Women in Wine Deserve (nay) Command Your Support – Now!
By Alan Goldfarb
May 5, 2022
Some might consider this a stretch; and might say, what does this have to do with wine and/or media relations? It well might be a stretch and it only has to do with wine and PR, tangentially. But I’ve got to say something. I and hopefully you, will also say something. We’ve got to support women. Otherwise, who the hell else is going to do that, in this climate except, of course, women themselves.
In this context, I support Katie Kelly Bell, Forbes; Virginie Boone, Wine Enthusiast; Lisa Denning, Grape Collective; Jess Lander, San Francisco Chronicle; Elin McCoy, Bloomberg; Esther Mobley, San Francisco Chronicle; Deborah Parker Wong, SOMM Journal; Sasha Paulsen, Napa Register. As well as Sara Schneider, Robb Report; Lettie Teague, Wall Street Journal; Lisa Adams Walter, Wine Women Radio; Kim Westerman, Forbes; MaryAnn Worobiec, Wine Spectator; and Jessica Yadegaran, Bay Area News Group.
These are all women with whom I’ve worked in my media relations consultancy; while several have been my colleague as a wine journalist. I don’t know their political proclivities, and realize I risk offending some as I include them in this screed; without their prior knowledge or consent. But as I see it – and not being privy to any of their political proclivities – now is the precise moment that all women must be supported.
Additionally, I hold them all up as leaders and figureheads of wine writing, which for decades, have been almost the sole domain of men. They are influential because I believe – as I’ve always accepted as true – women are our only hope for a future.

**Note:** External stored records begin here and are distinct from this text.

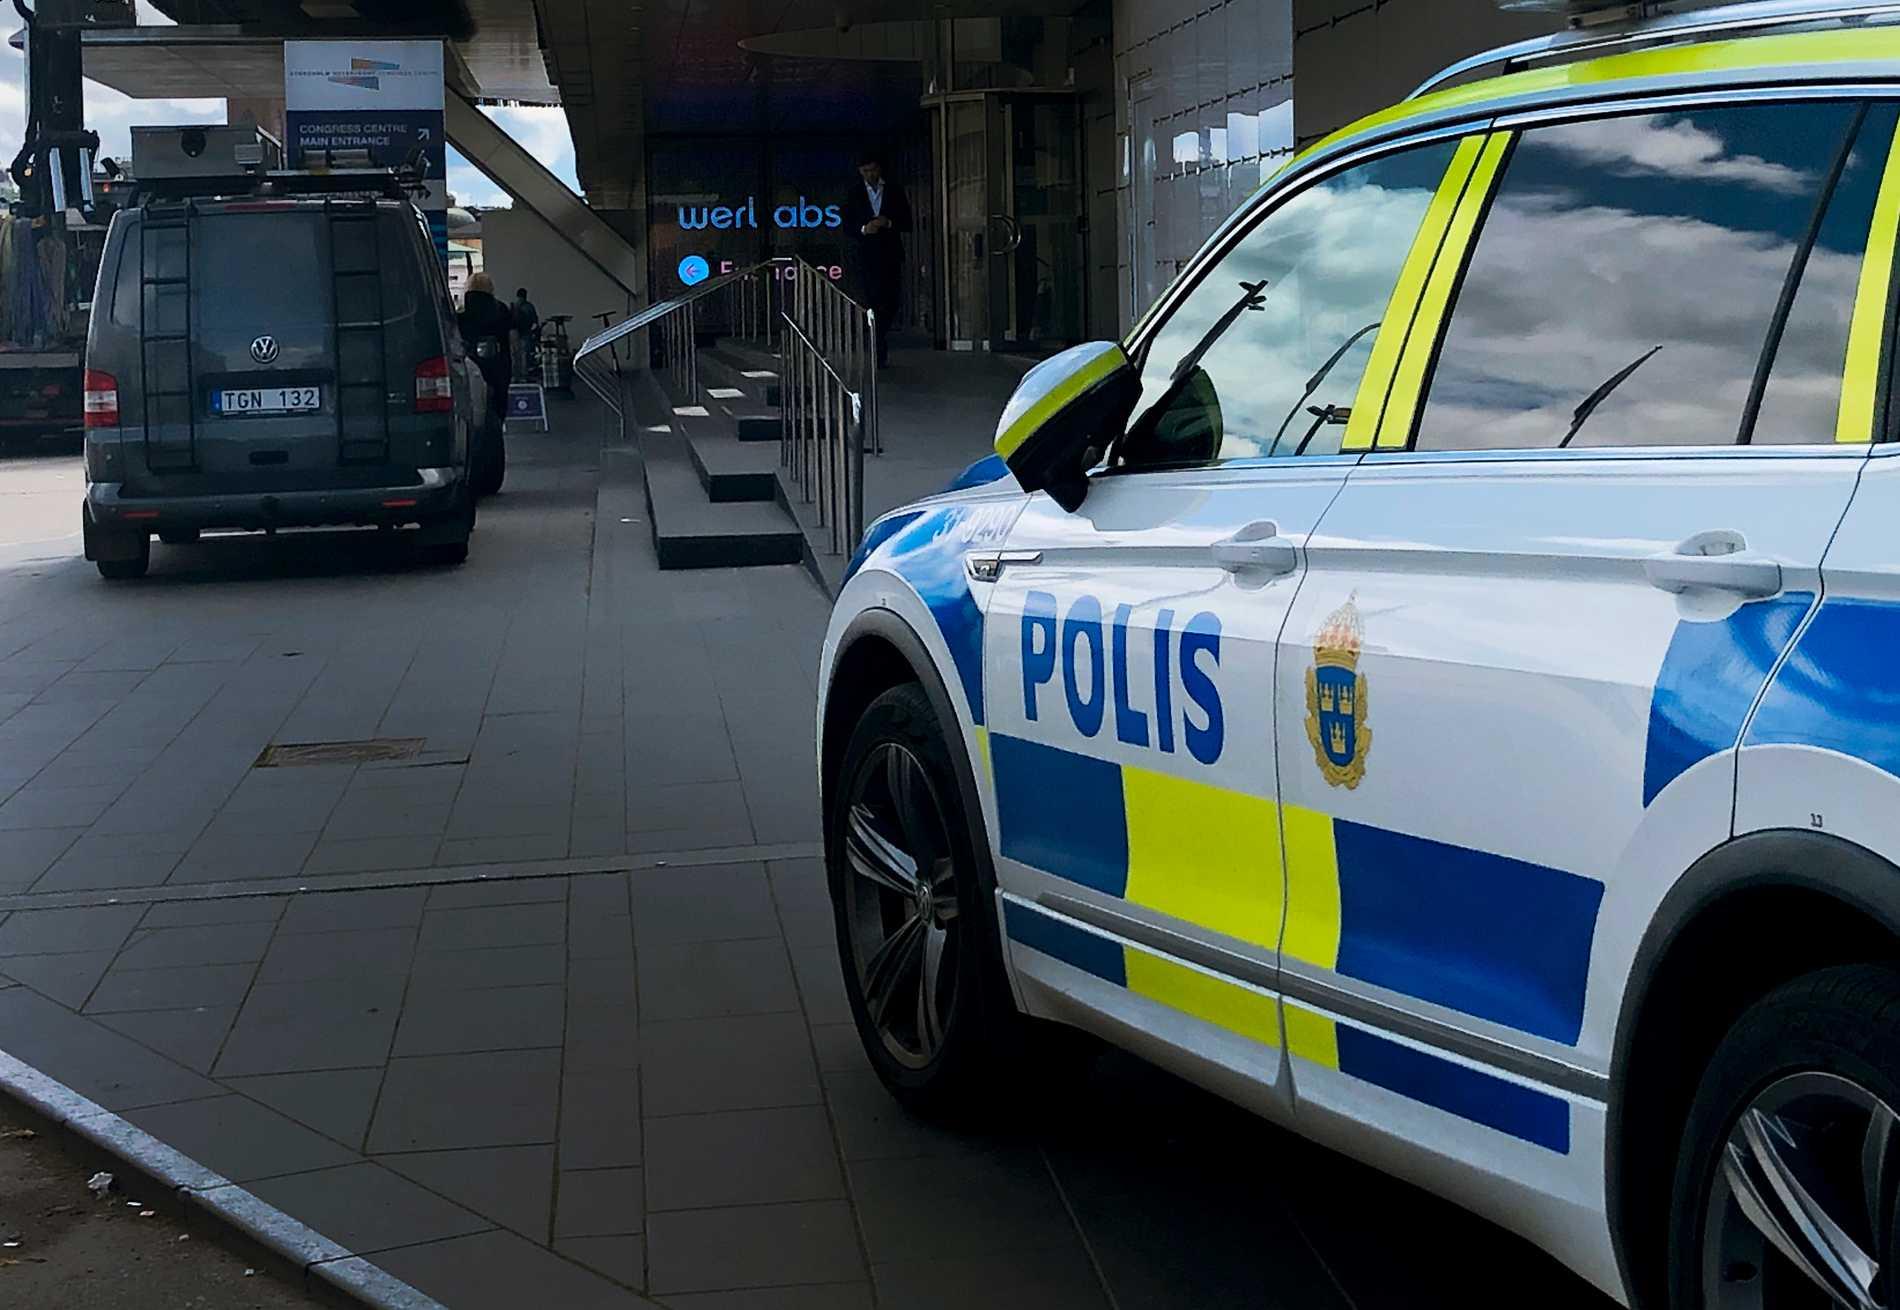 En kvinna hittades död på Norrmalm i centrala Stockholm strax innan klockan 03 under natten mot onsdagen.
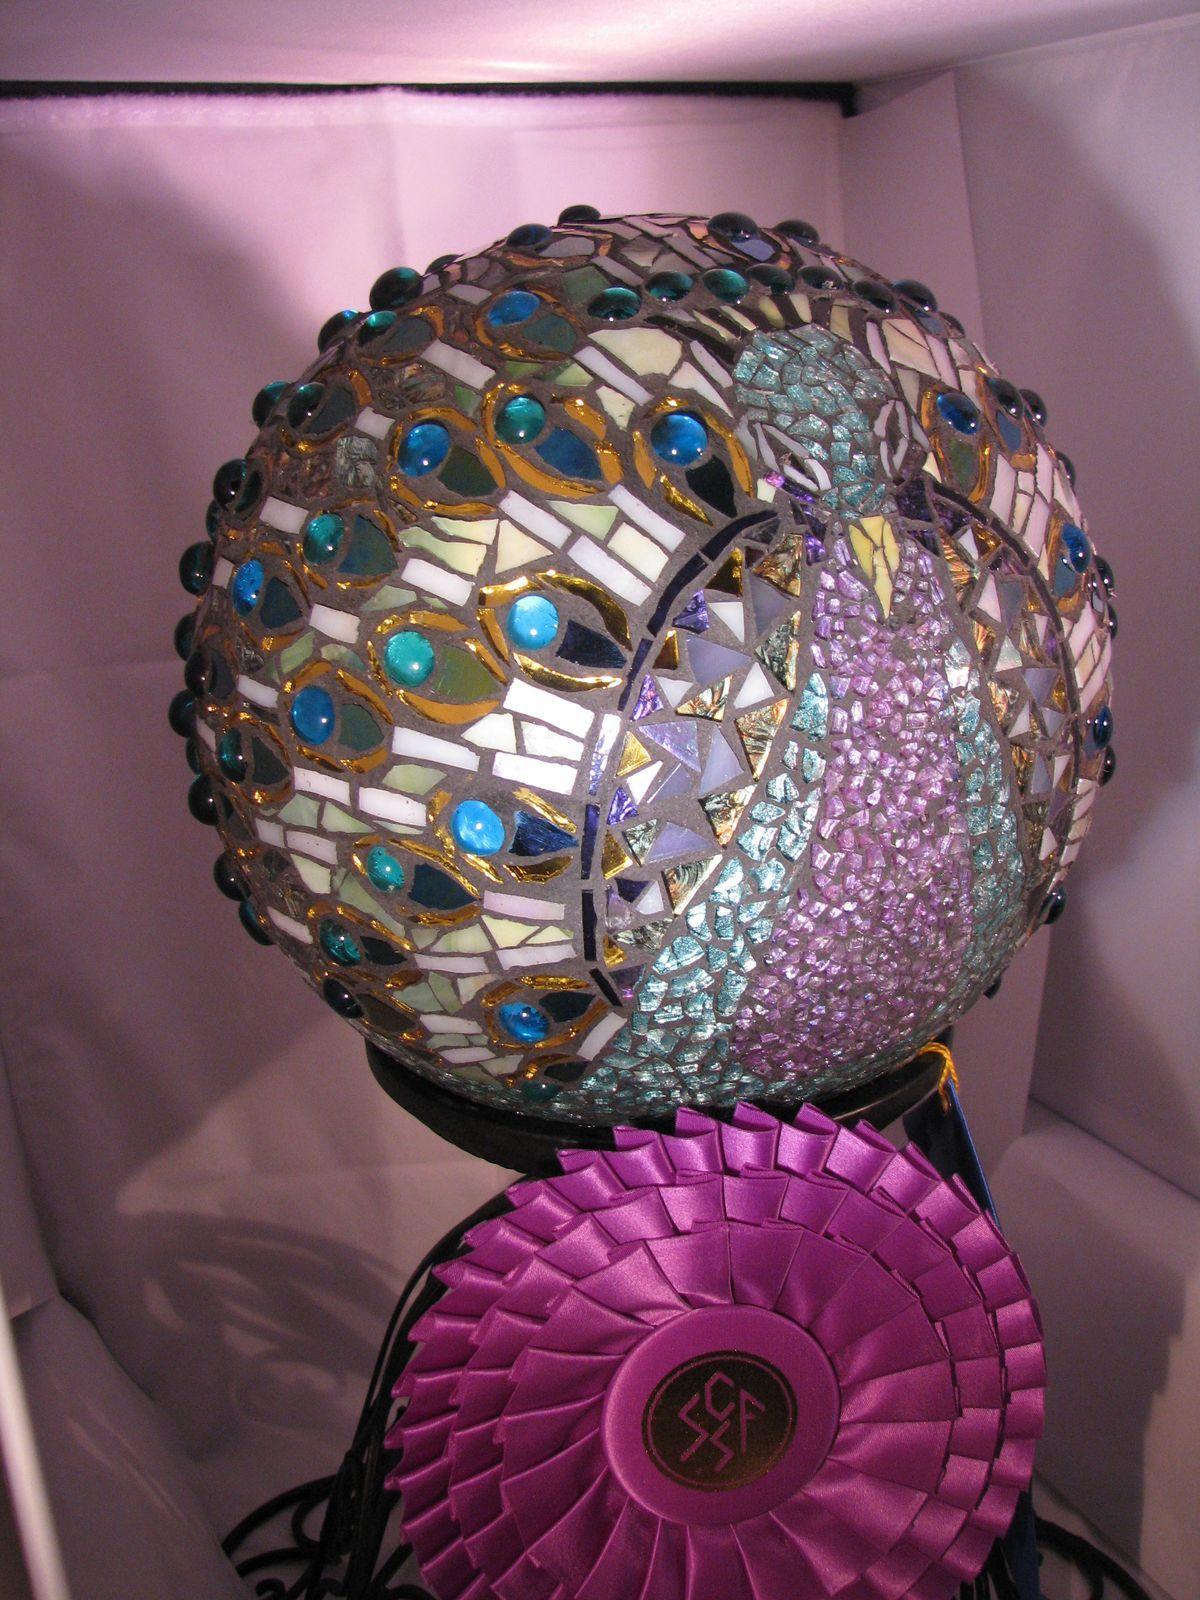 Sphere Mosaic
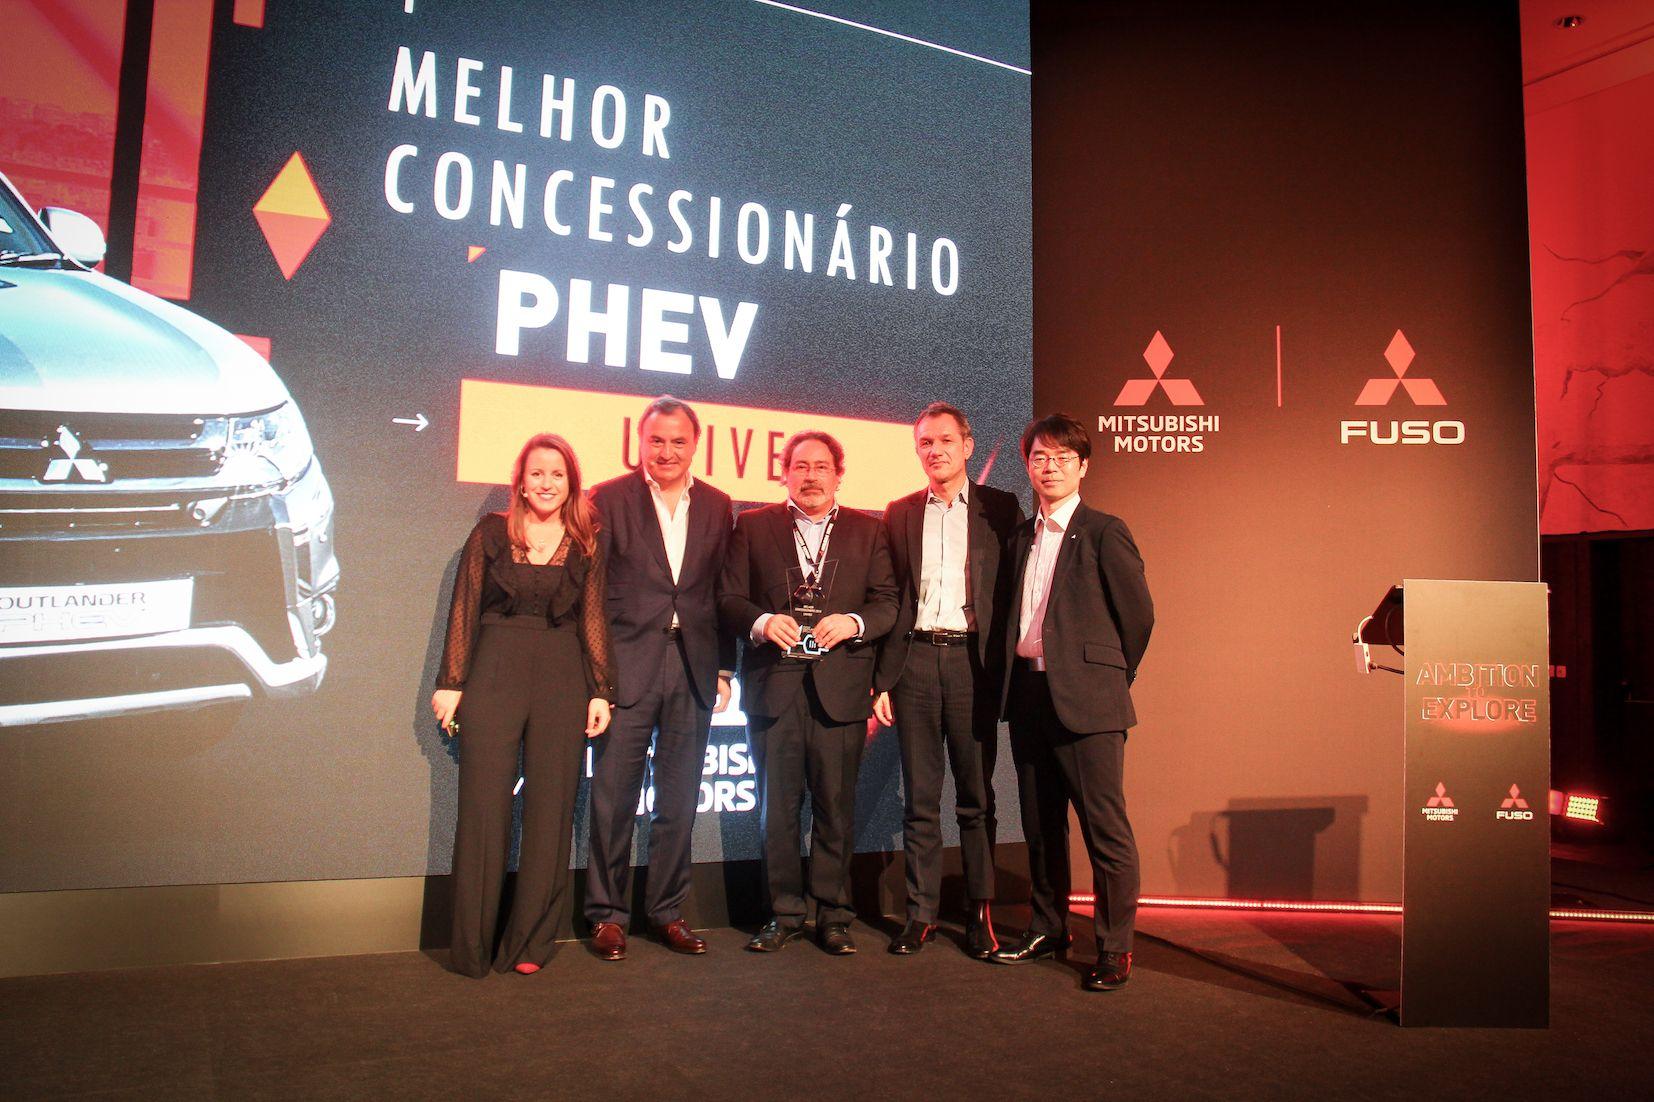 CONVENÇÃO MITSUBISHI MOTORS_FUSO 2019 - VILAMOURA _ ENTREGA DE PRÉMIOS_7.jpg

Women I know, are smarter, more competent, more fully realized; and better than, and more empathic than, men.
Which is exactly why women have always been treated as second-class citizens; because men have always been threatened by women; while at the same time, men have always known (secretly to them), that women are far superior. And which is why we’ve come to this moment in our history – not since the Dred Scott decision that gave momentum to slavery – that once again (and almost always), women have taken it in the gut – from men.
Which is why the women delineated here – among countless others – along with a myriad of wonderful, accomplished winemakers, must now be held in the highest esteem.
I remember, perhaps in the early 1990s, that I was among the first wine writers to tell women winemakers’ stories. After several such reports, I recall writing that perhaps in another 10 years, I won’t have to write this story anymore. And that we’d all call them winemakers and not Women winemakers or Black winemakers, or Latinx winemakers. That has not happened. We’re still evolving and still devolving, at once. But in light of this week’s news seeping out of the Supreme Court, I fear that it’ll take another 50 years to put men in their place.